Restate the data below word for word, and let no image into your version.

__Stored data__:
• • • • • • •
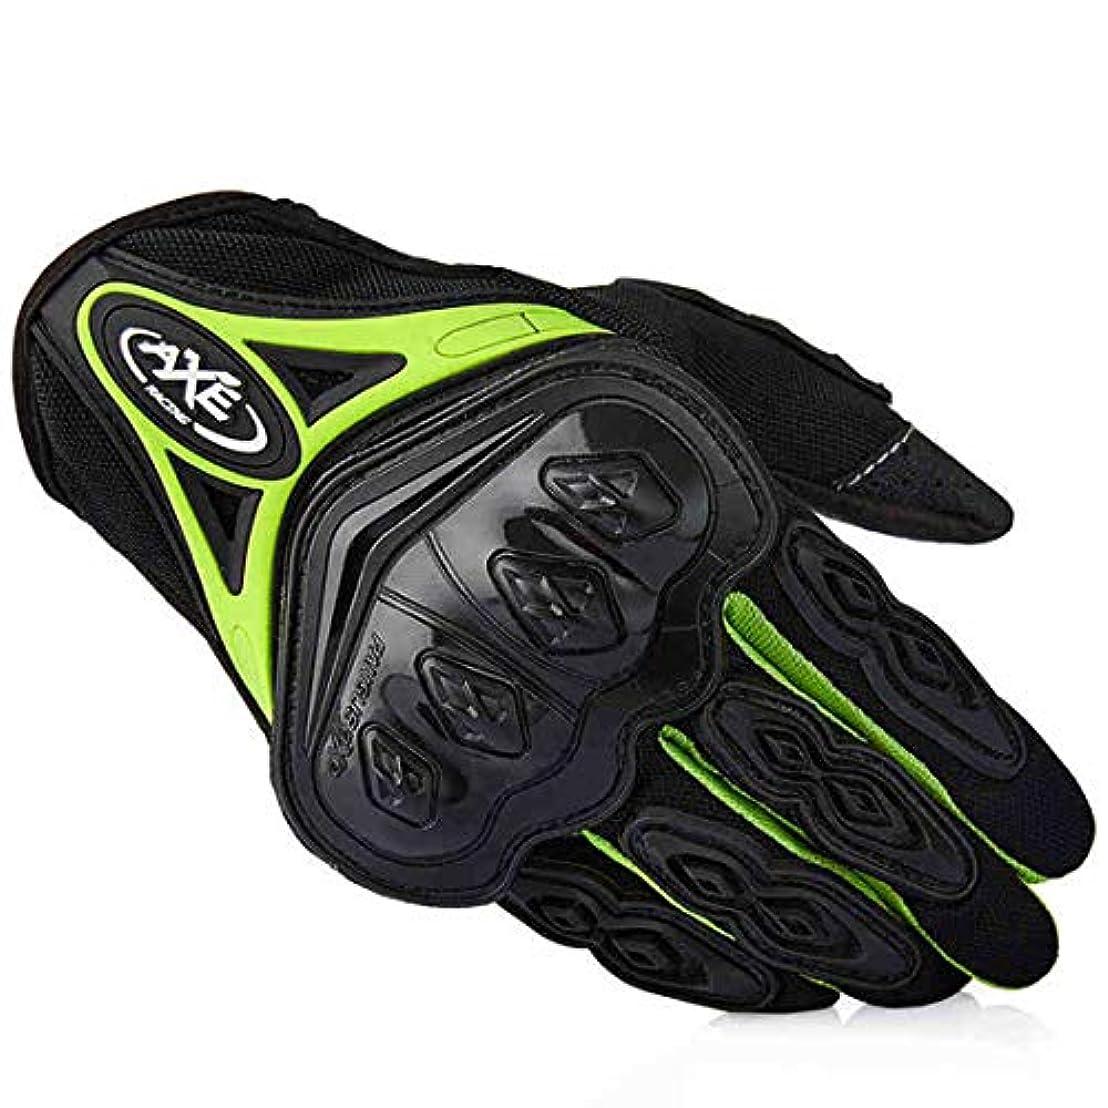 エクスタシー悲観的型Annis6 夏の屋外スポーツのオートバイの手袋通気性の耐衝撃性 (色 : オレンジ, サイズ : XL)
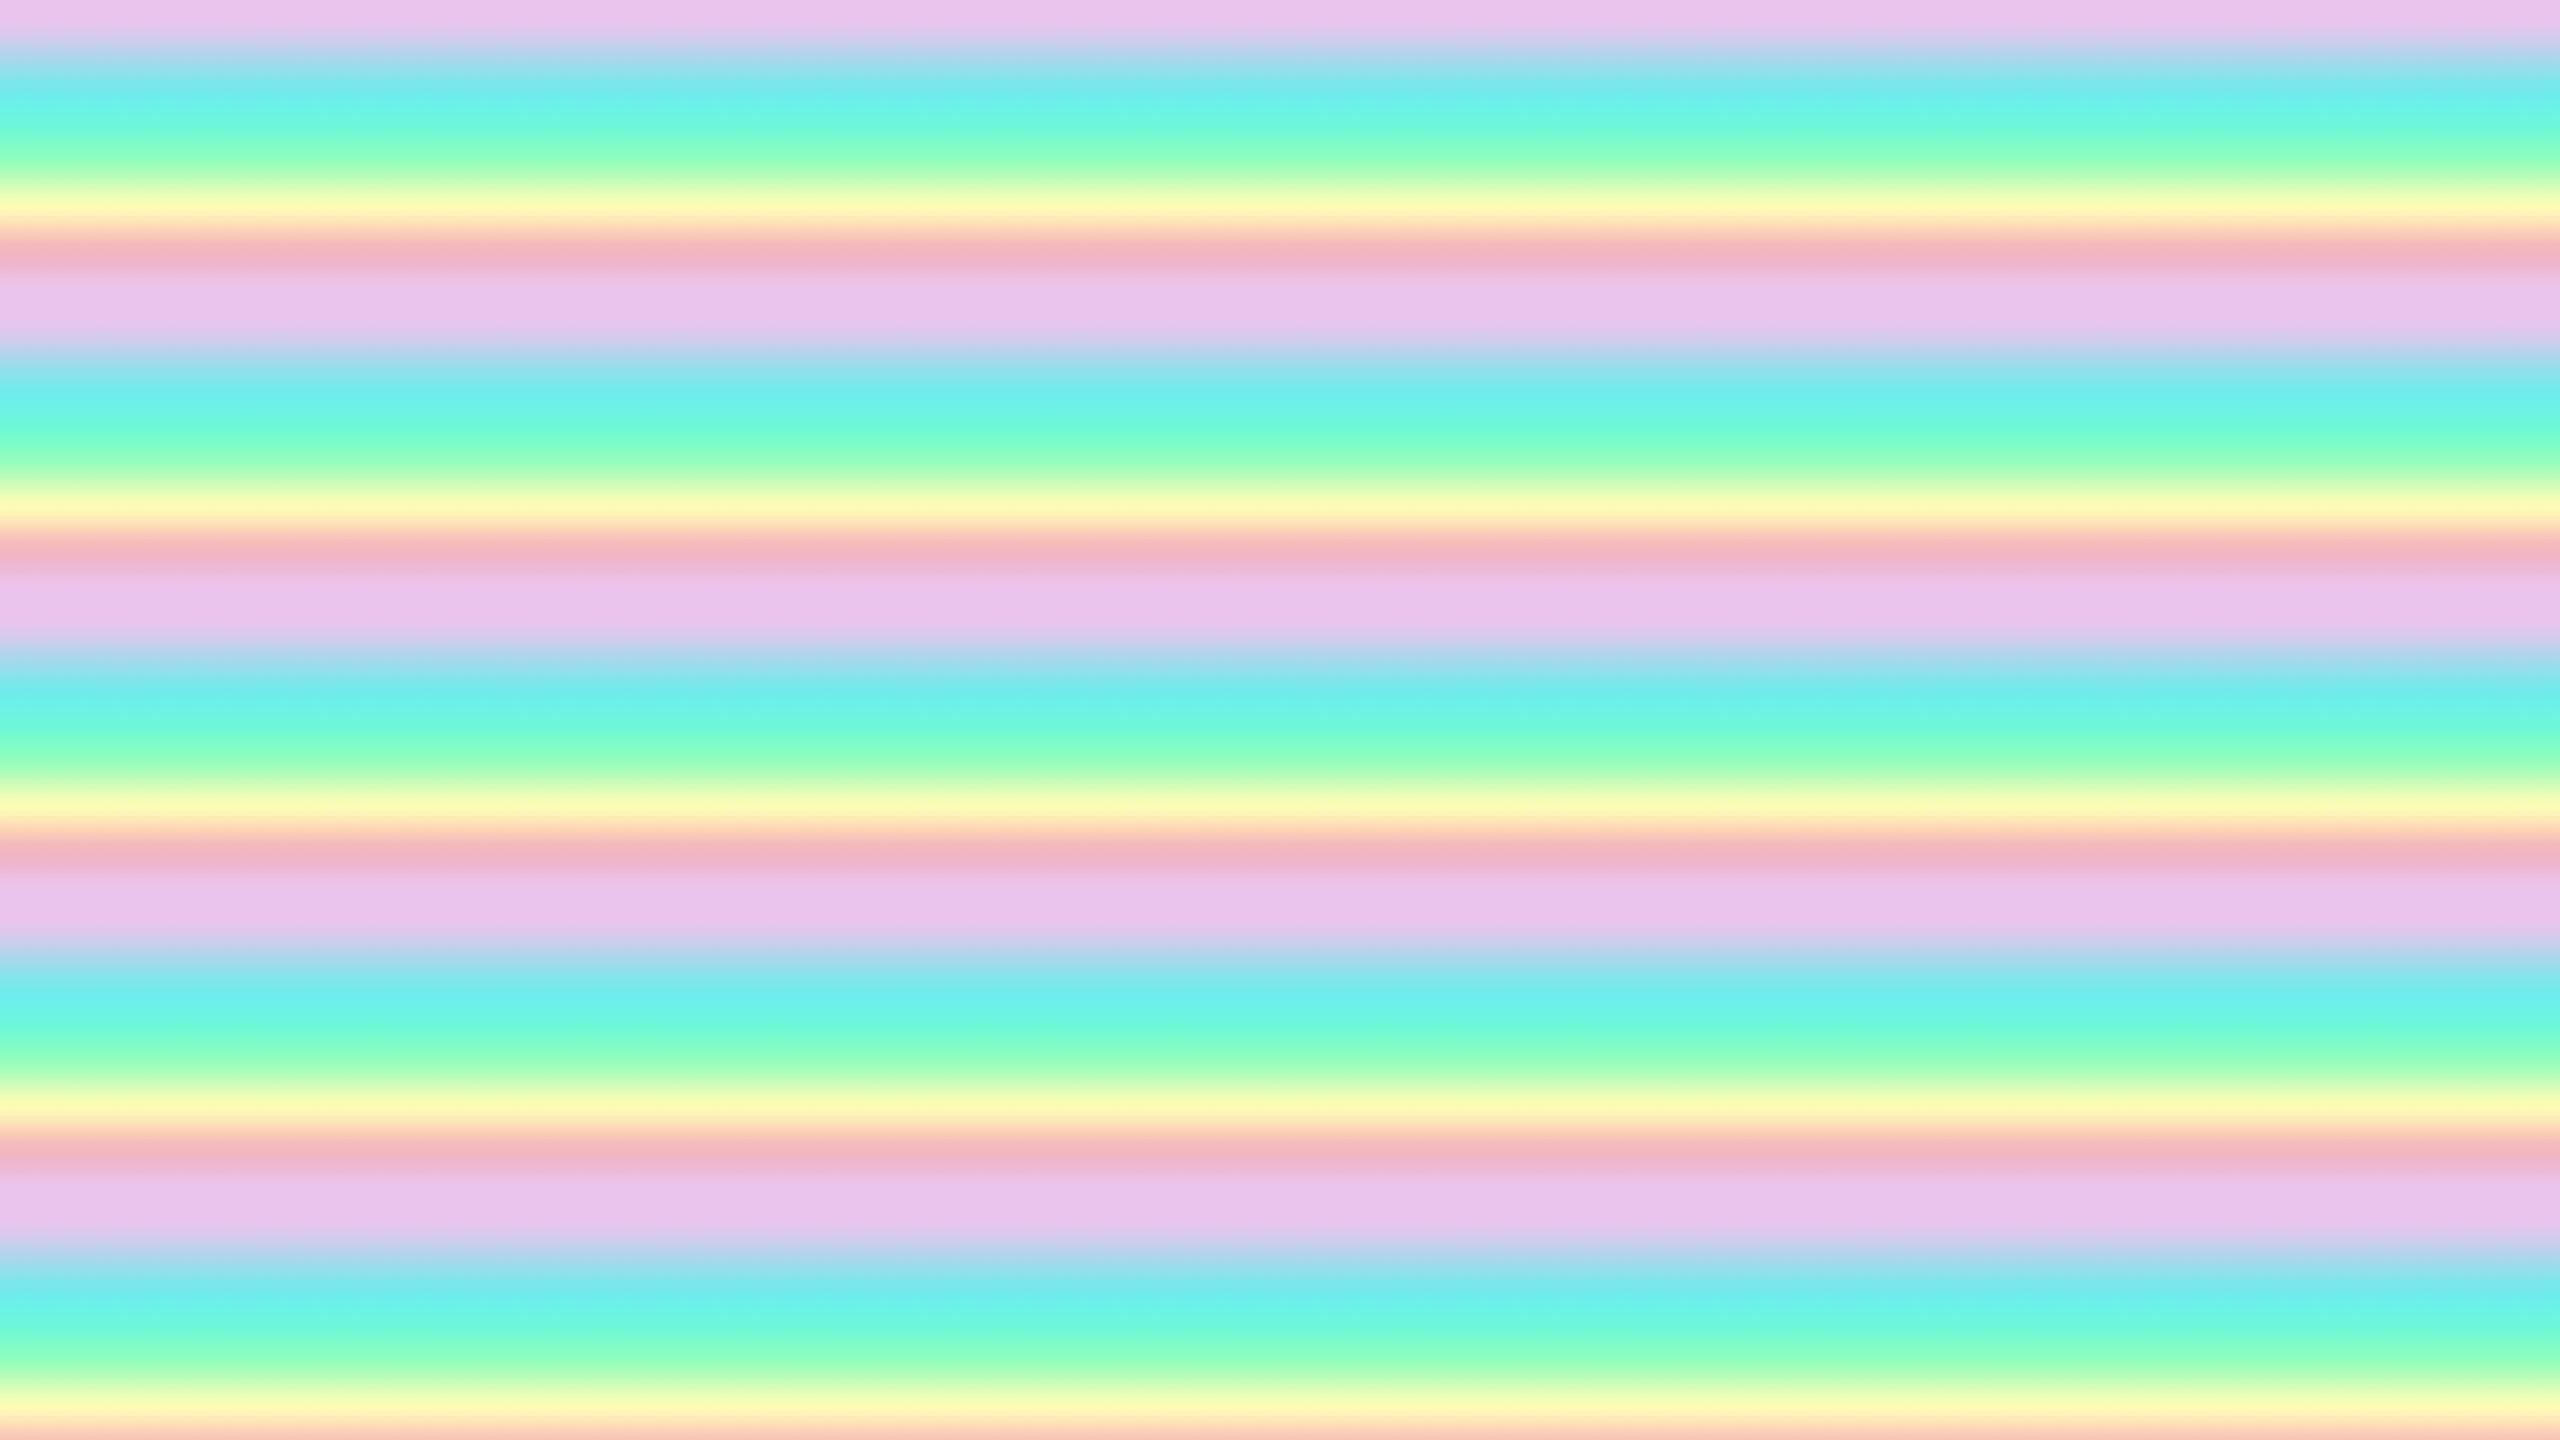 rainbow pastel wallpaper wallpapers desktop 2560x1440 2560x1440
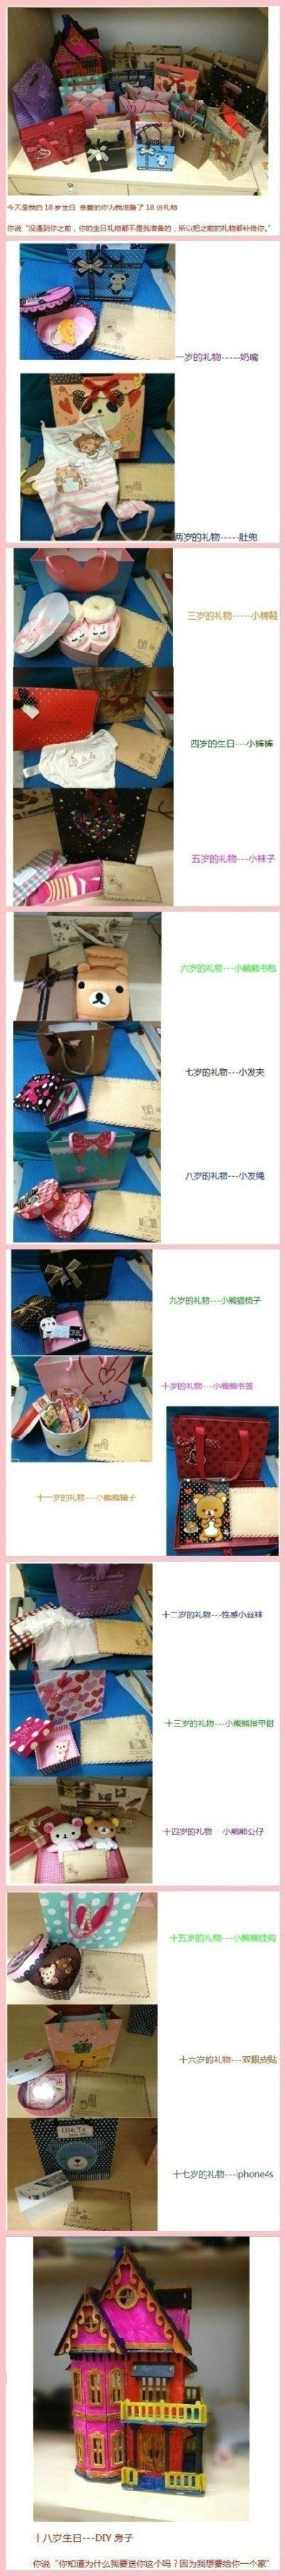 一个女生的十八岁生日,男朋友送的礼物从一岁补到十八岁~
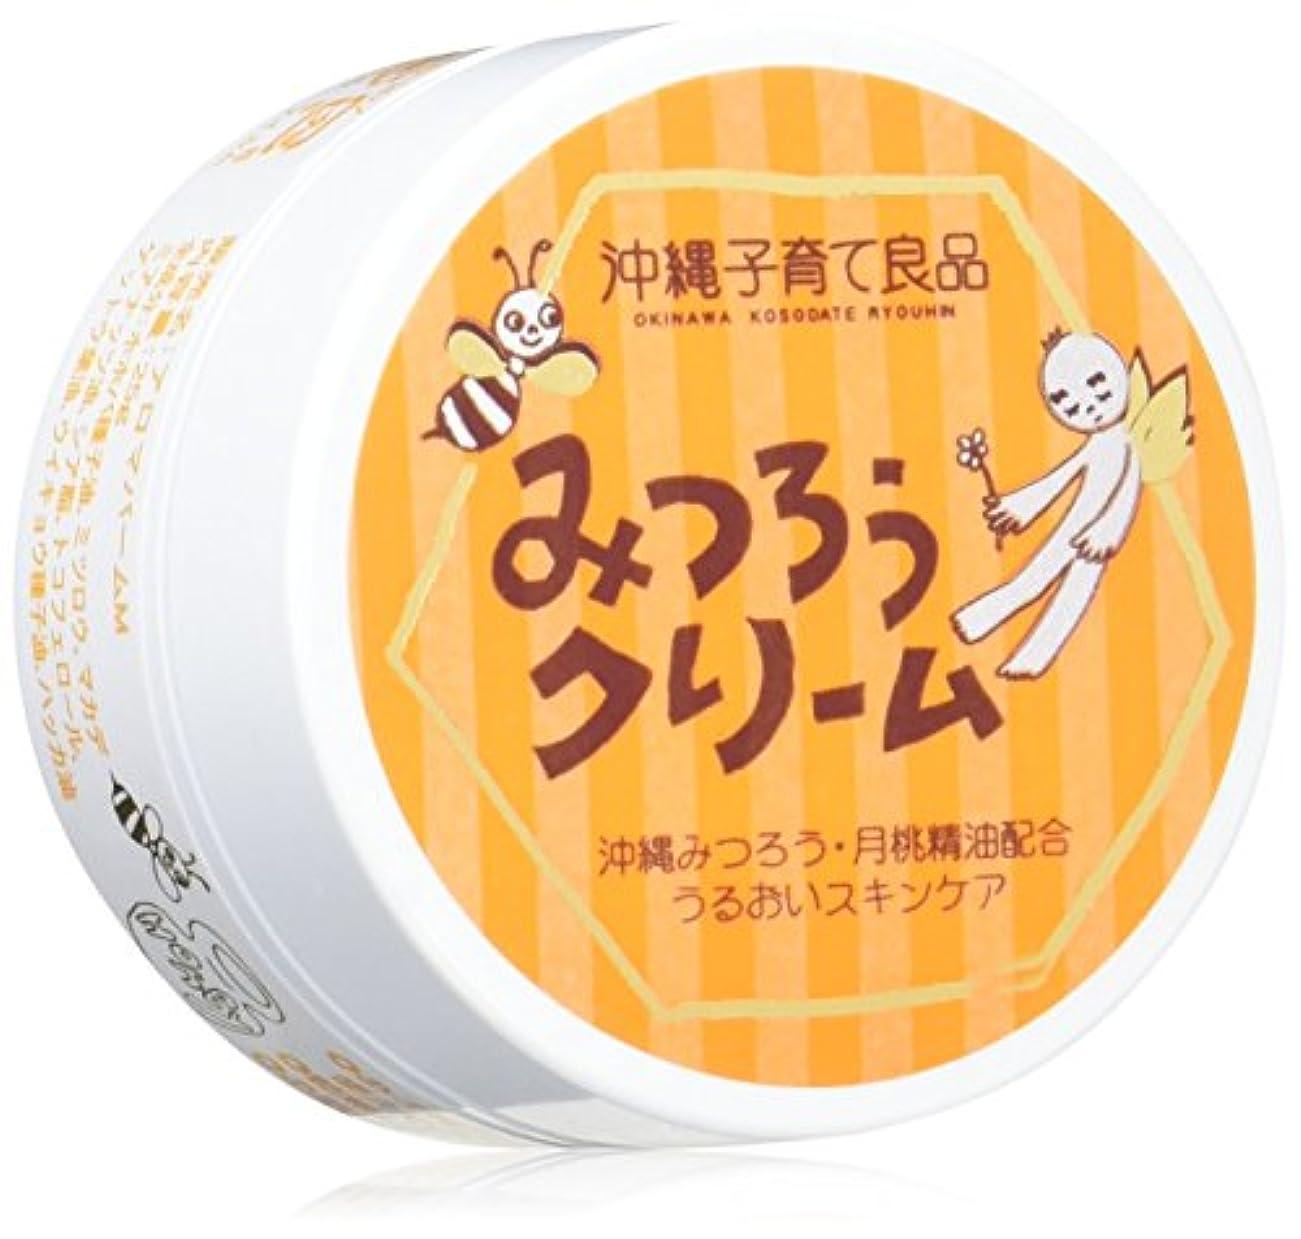 大陸ショルダー成熟した沖縄子育て良品 みつろうクリーム (25g)
• • • • • • •
__Task result__:
 エクスタシー悲観的型Annis6 夏の屋外スポーツのオートバイの手袋通気性の耐衝撃性 (色 : オレンジ, サイズ : XL)
 rainbow pastel wallpaper wallpapers desktop 2560x1440 2560x1440
 一个女生的十八岁生日,男朋友送的礼物从一岁补到十八岁~
 大陸ショルダー成熟した沖縄子育て良品 みつろうクリーム (25g)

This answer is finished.